If you’re doing something on a large scale, your ability to innovate will be limited. If you are serious about radical innovation, your ability to get a lot done efficiently will be diminished. There’s a reason why when IBM developed the PC, they created a new organization to do it.
It’s important to choose. All too often, people say they want to innovate and optimize, which really just means that they haven’t quite thought it through . It’s that kind of naiveté that makes it very difficult to build the kinds of partnerships required to succeed.
Integrate People: While it’s important for organizations to focus on one kind of activity, people shouldn’t. Most jobs can be learned in 6 months and mastered in 2 years. After that, experience is just as likely to make people worse as it is to make them better. There’s absolutely no reason for people to continually perform the same tasks for decades.
Unfortunately, most organizations discourage diversity in experience. The longer people are around, the better they know how to “work the system.” They become managers and want to surround themselves with like-minded people whom they know well in order to form a power base. Outsiders are suspect.
Great innovation is usually the result of synthesizing ideas from different disciplines. Specialized expertise can be valuable for making incremental improvements, but rarely produces anything truly new and often promotes the kind of myopic thinking that leads to mediocrity.
Interconnect: If you’re clear about what your organization is doing then it should be just as clear what you should let others do. If you are part of a larger enterprise, it is very likely that you can benefit from other divisions. All too often, petty turf battles prevent doing so.

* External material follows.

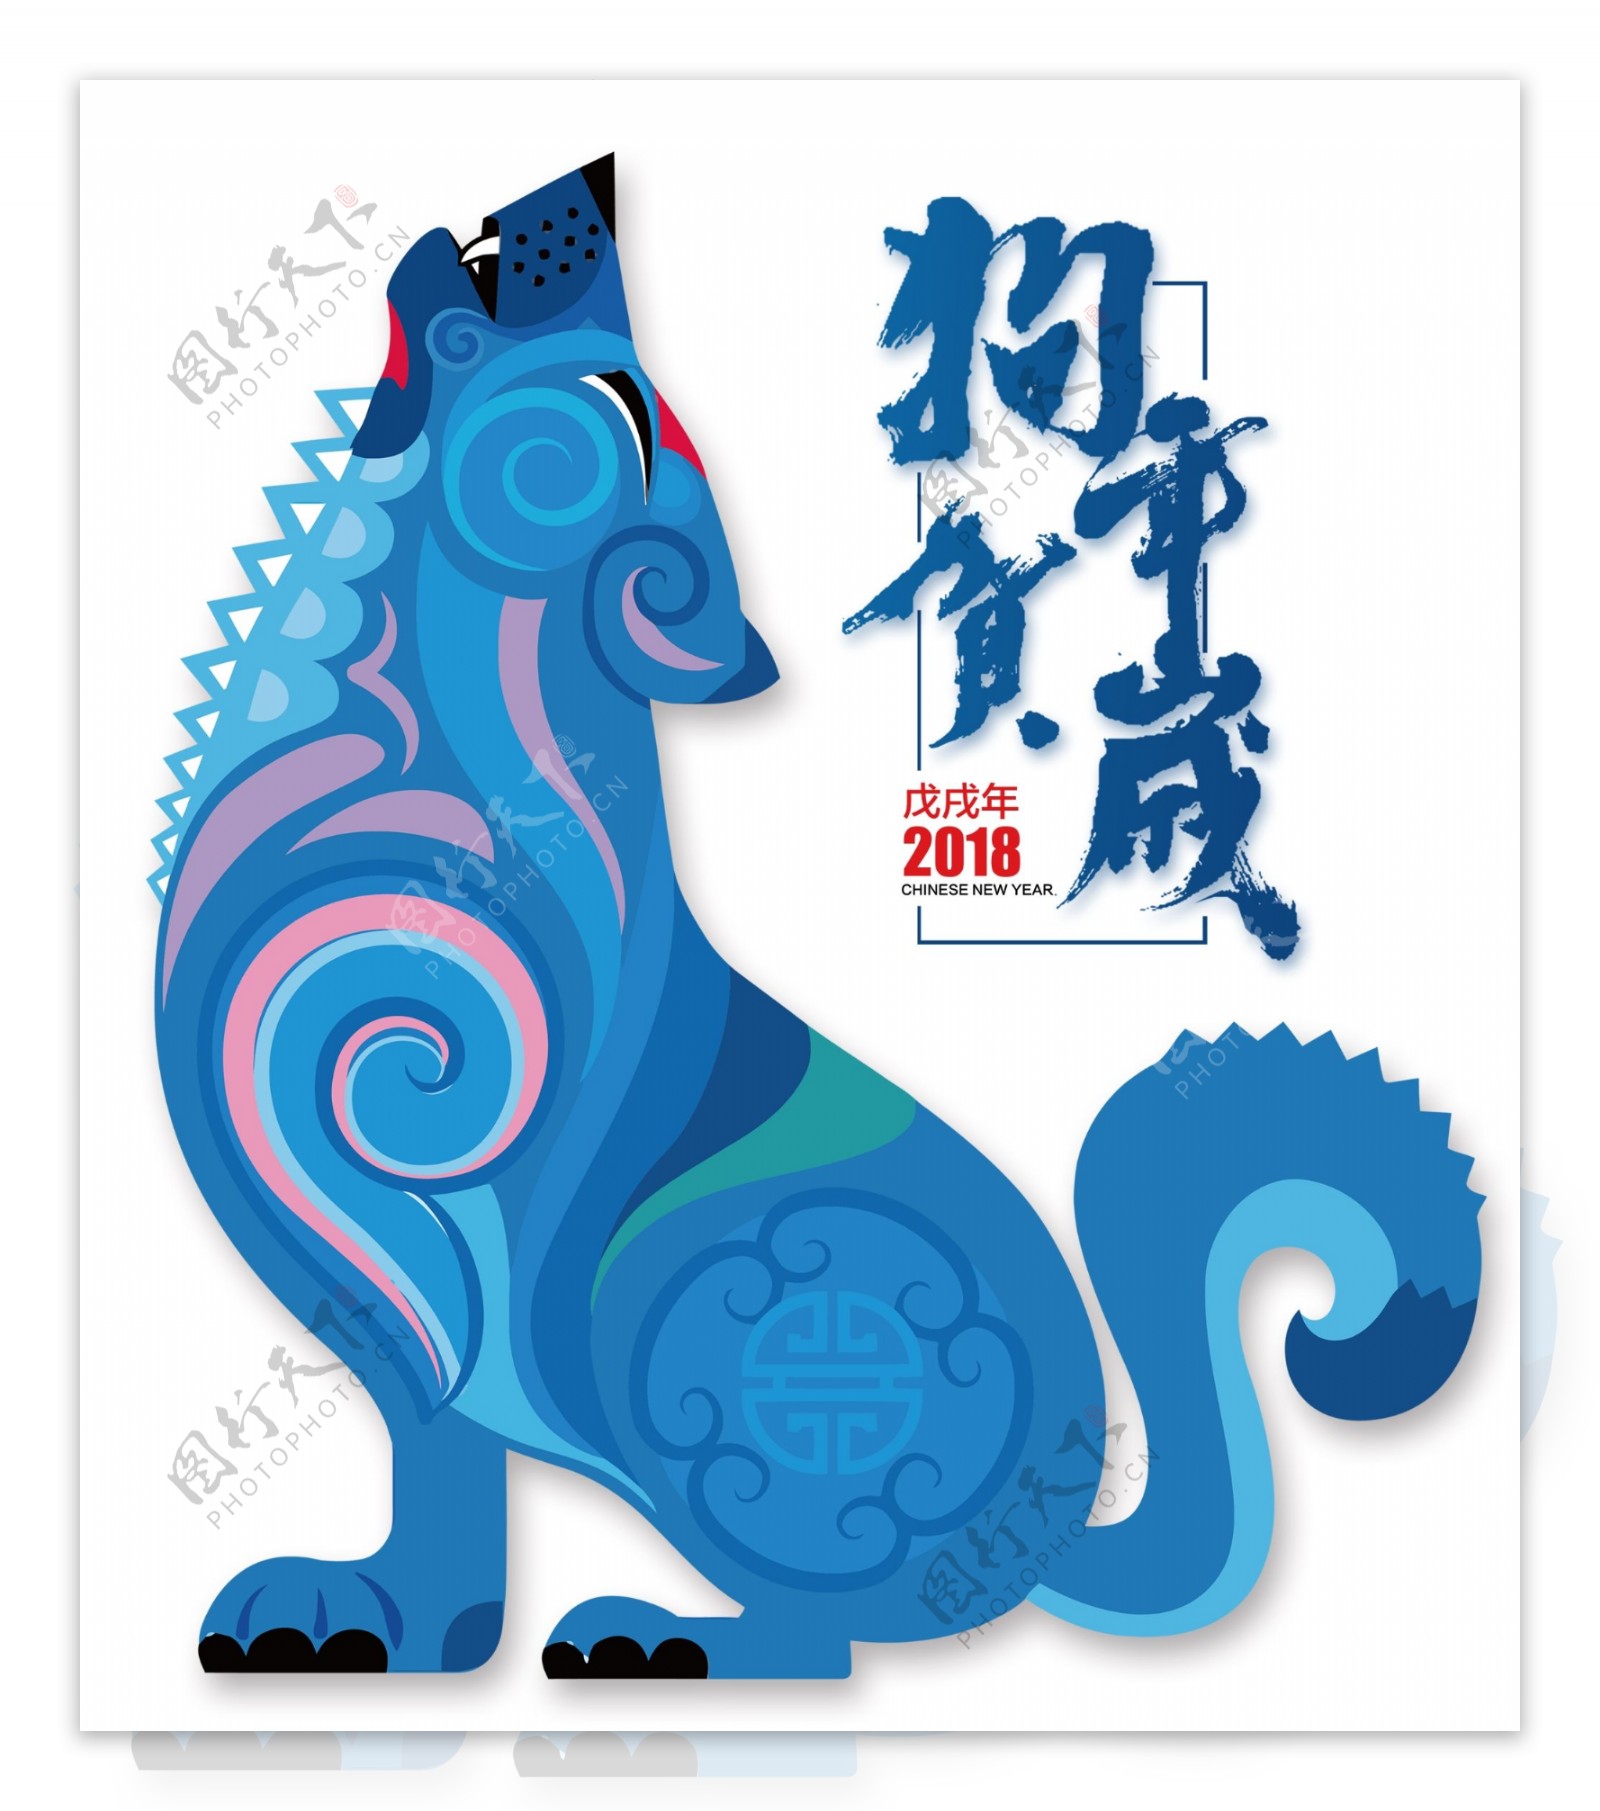 2018传统狗年贺岁海报设计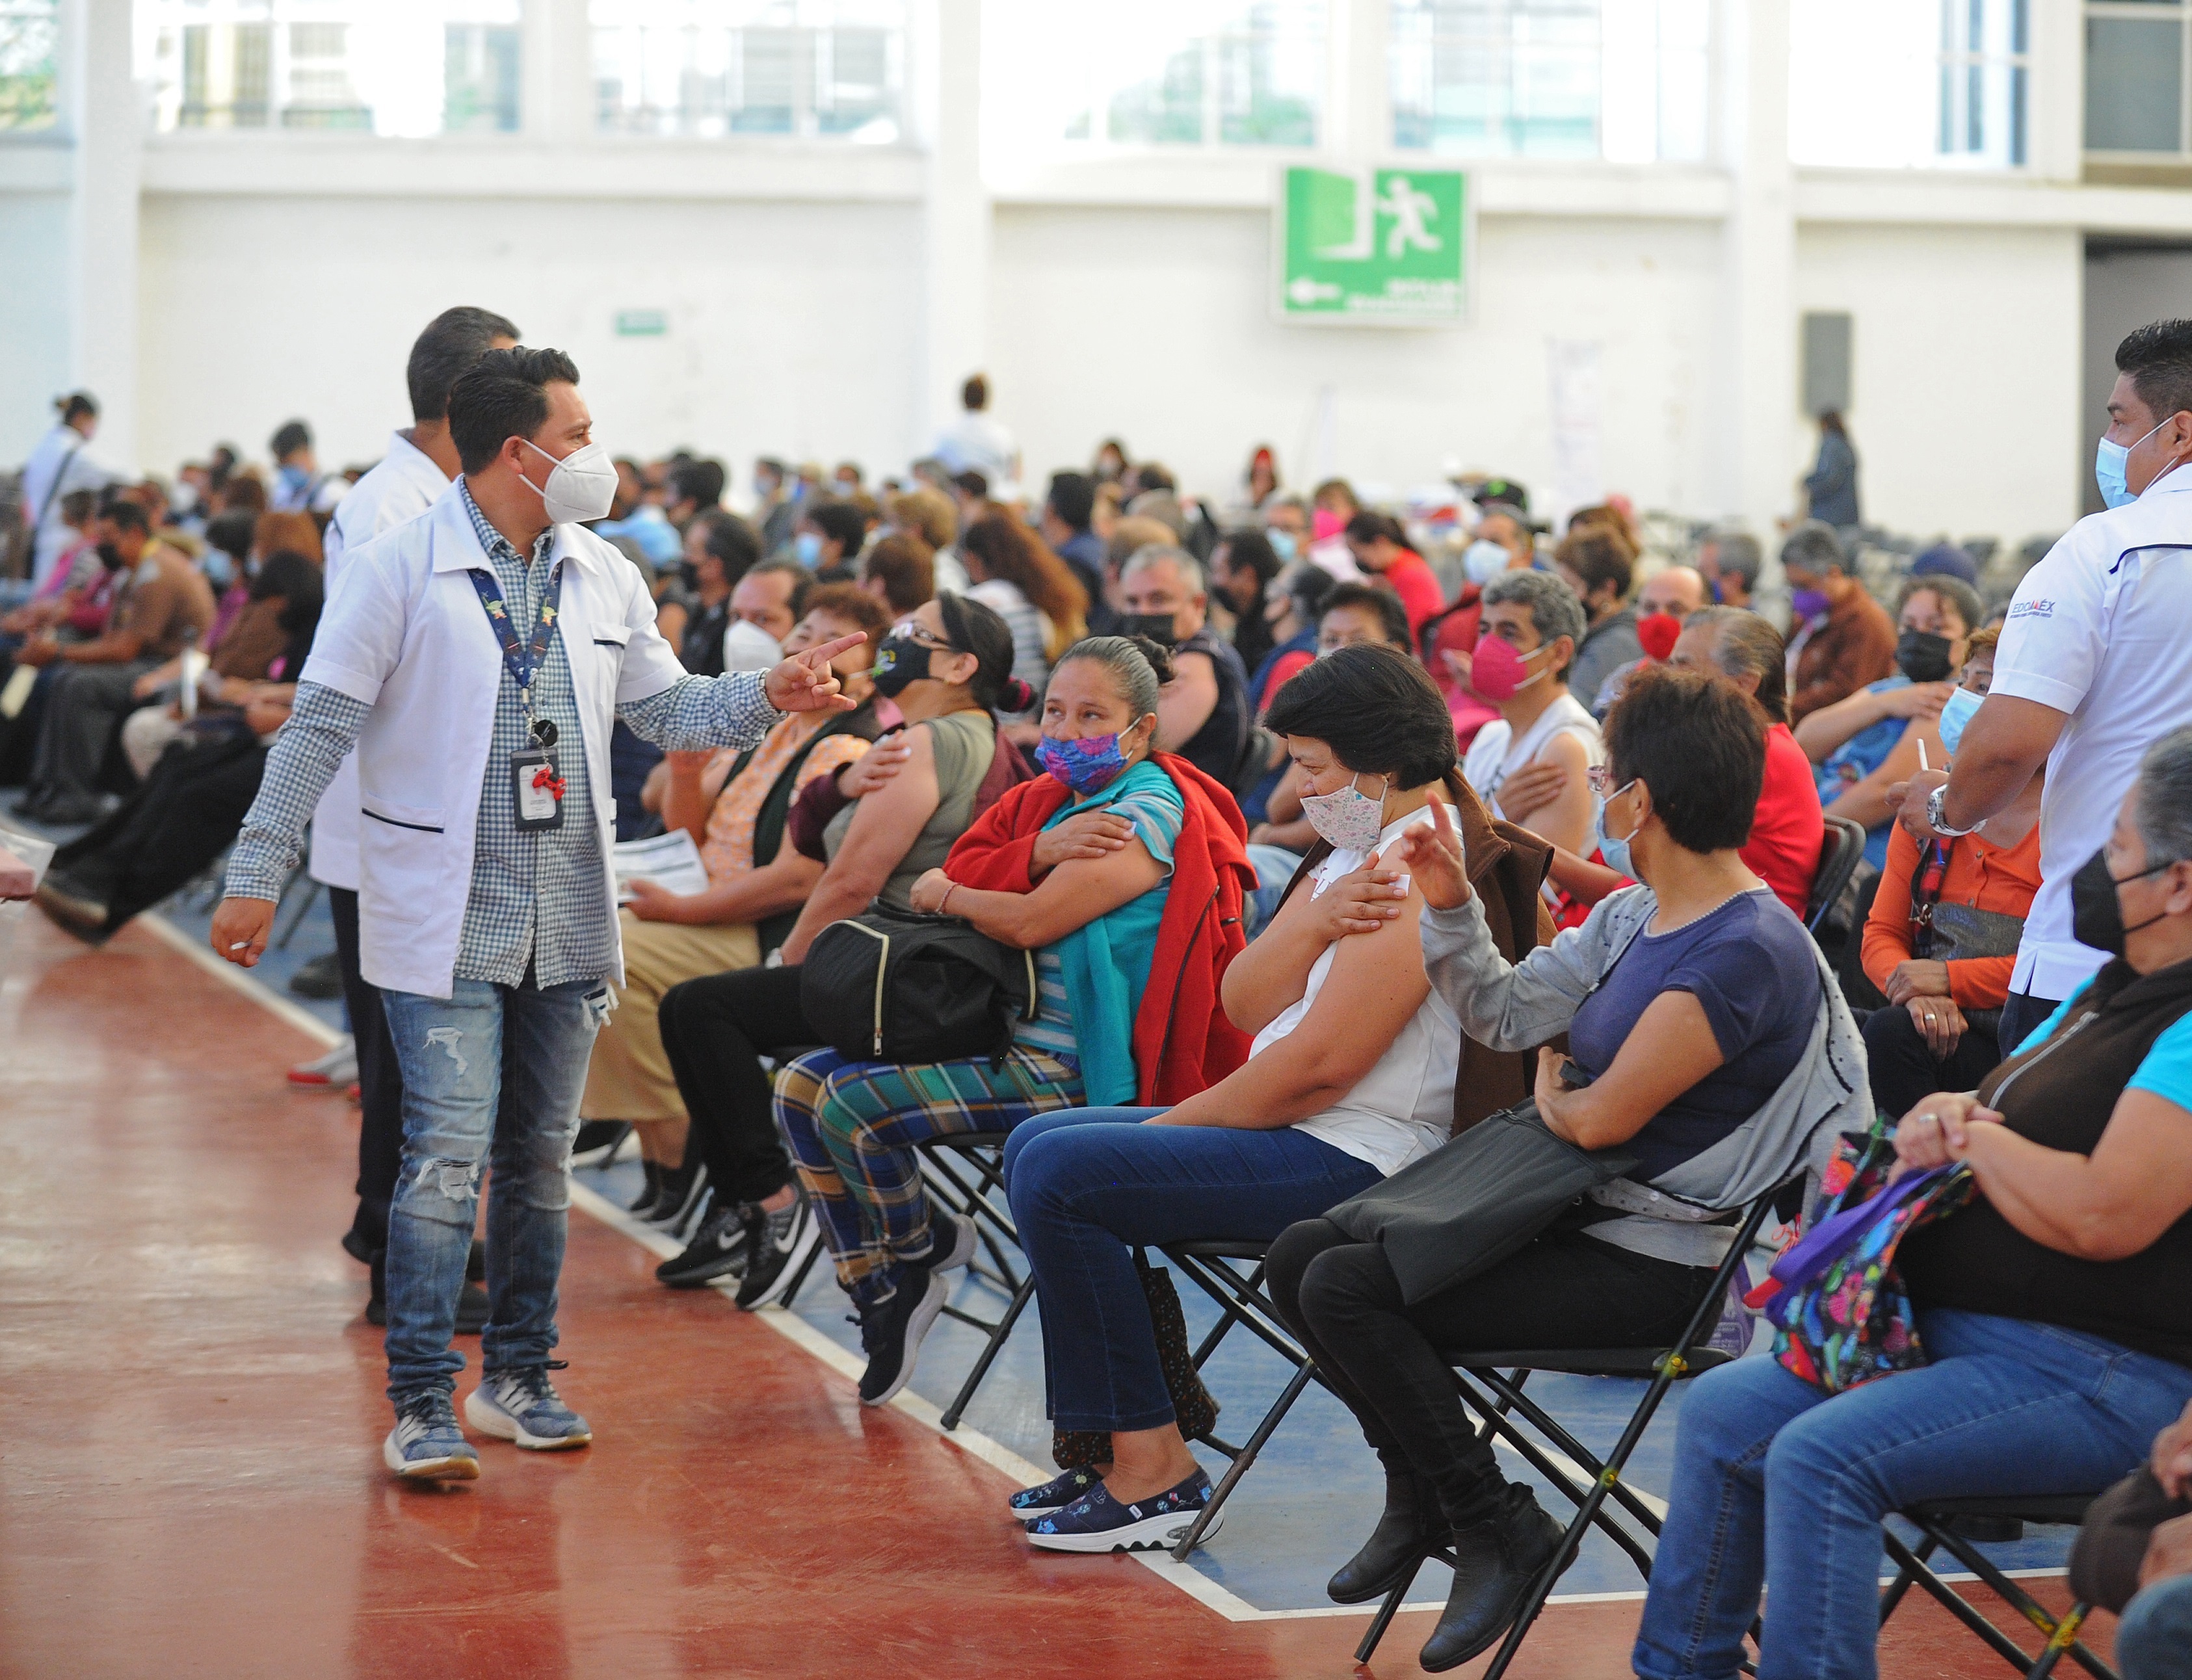 Durante el pasado se realizó en México un estudio que encontró que la prevalencia mensual de síntomas de ansiedad generalizada durante la pandemia por Covid-19 se mantuvo en niveles altos entre abril y agosto de 2020, con una prevalencia de entre 30.7 y 32.6%. Con la vacunación en avance, se espera una luz de alivio EFE/ Mario Guzmán

If your an independent organization, you will have to find partners. Silicon Valley is great at promoting networked silos. Everybody seems to be connected to everybody else somehow. The marketing world tends to be more territorial, seeing competition where they should be looking for collaboration.
As marketing becomes increasingly digital, connections become technically more feasible, but philosophically more difficult. It’s not our organizations that we need to “unsilo,” but ourselves.